Web merchants sell items such as products, services, and data via the World Wide Web (“the Web”). Because most items sold by a web merchant result in a profit, measured by the amount by which the item's price exceeds its cost, web merchants have a strong incentive to increase the rate at which they sell items.
It is common for web merchants to design their web sites to include content that helps to draw interest to the web sites and to particular items in order to increase the number of customers that may buy these items. As an example, some web merchants include a bestseller list on their web sites.

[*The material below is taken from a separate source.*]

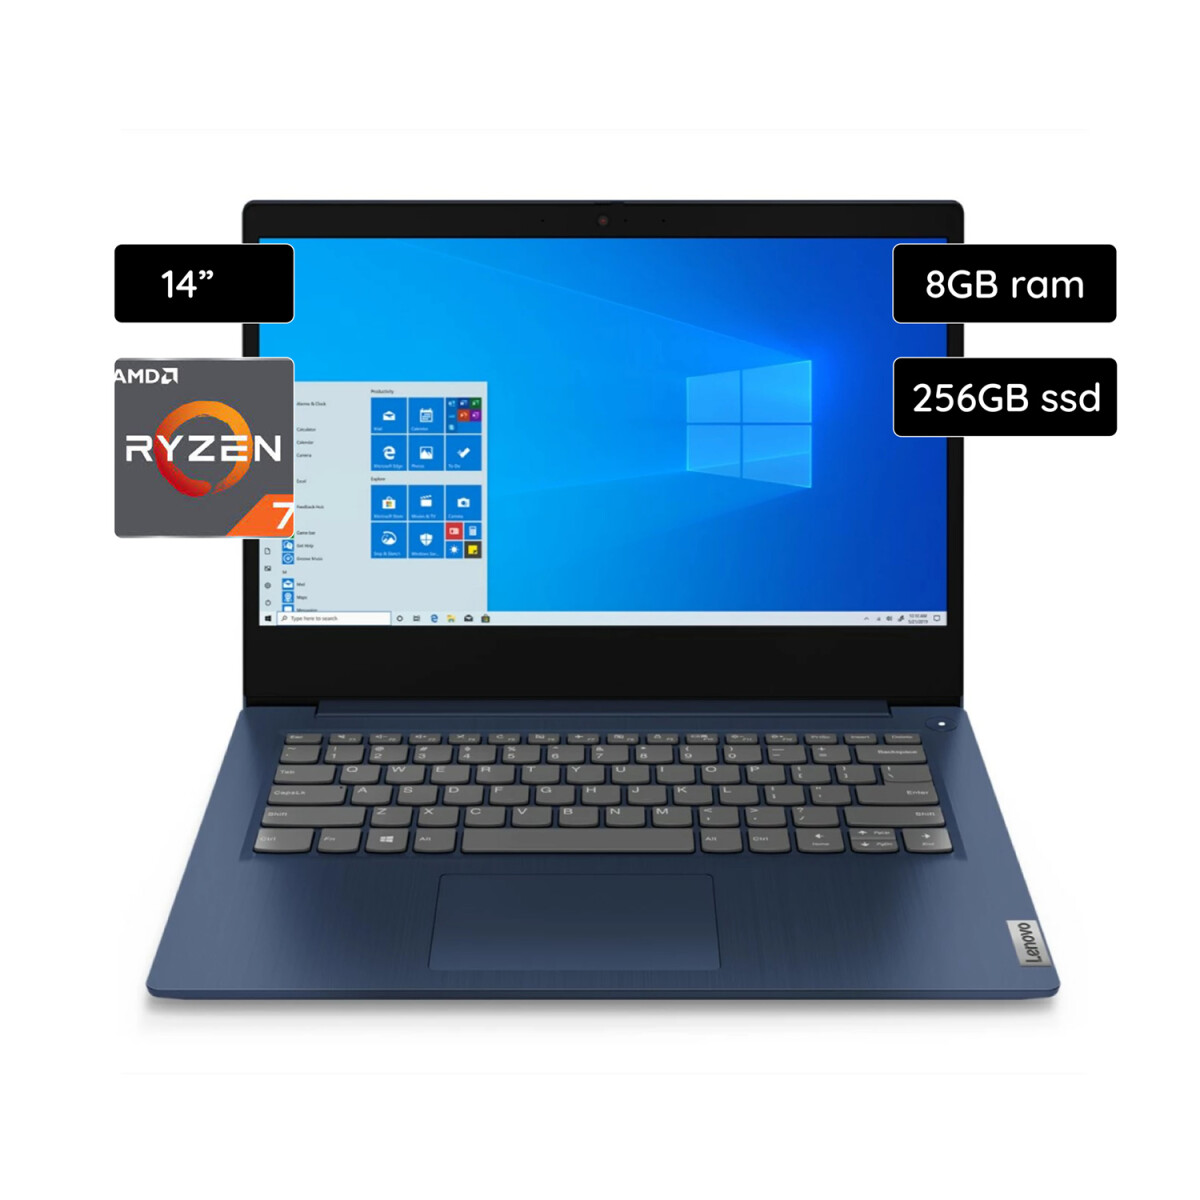 Notebook lenovo ideapad 5 14' 256gb ssd / 8gb ram ryzen 7 5700u - Abyss blue 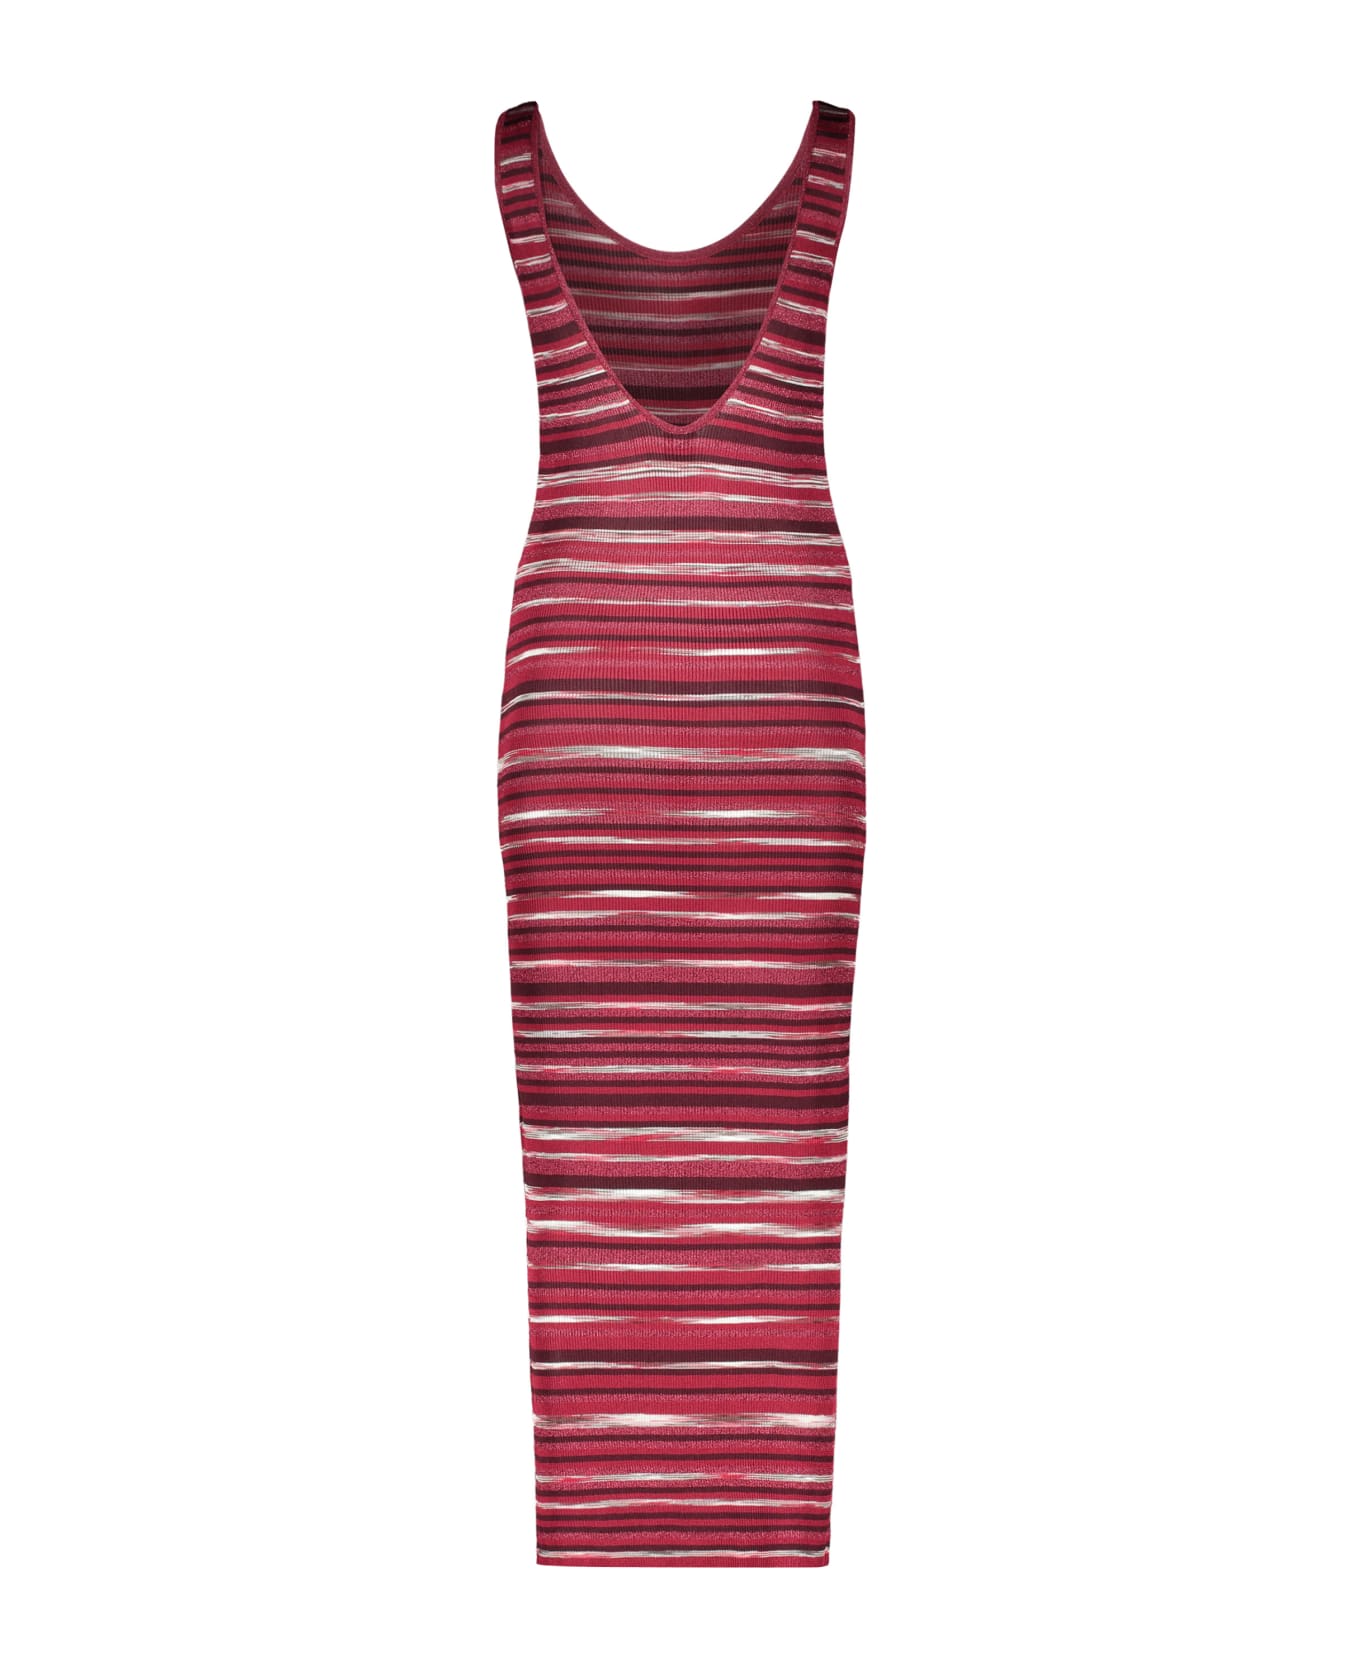 M Missoni Ribbed Knit Dress - Red-purple or grape

A bestseller list is a list of items sold by the web merchant in the largest numbers during a preceding period of time. For example, a web merchant that sells books may display a list of the 100 books that sold the most copies over the preceding 24 hours. This list of books is typically sorted such that the book that sold the most copies is listed first, the book that sold the second-most number of copies is listed second, etc. Each book may also be accompanied by a value called “sales rank,” where a sales rank of 1 accompanies the book that sold the most copies, a sales rank of 2 accompanies the book that sold the second-most number of copies, etc.
While bestseller lists can draw customer interest to books that are selling the largest numbers of copies, and thus have achieved the most substantial overall popularity, they also leave something to be desired. For example, because bestseller lists may be slow to change, they fail to reward customers that return to view them frequently, such as a number of times in a single day. This slow change rate also has the result of concentrating the promotional benefits on a few items, rather than distributing those benefits over a larger number of items. Additionally, bestseller lists reflect high-popularity items that have “made it,” rather than those whose popularity is growing, and are “up and corners.”
Accordingly, a feature on a merchant web site that overcame some or all of the aforementioned shortcomings of bestseller lists would have significant utility.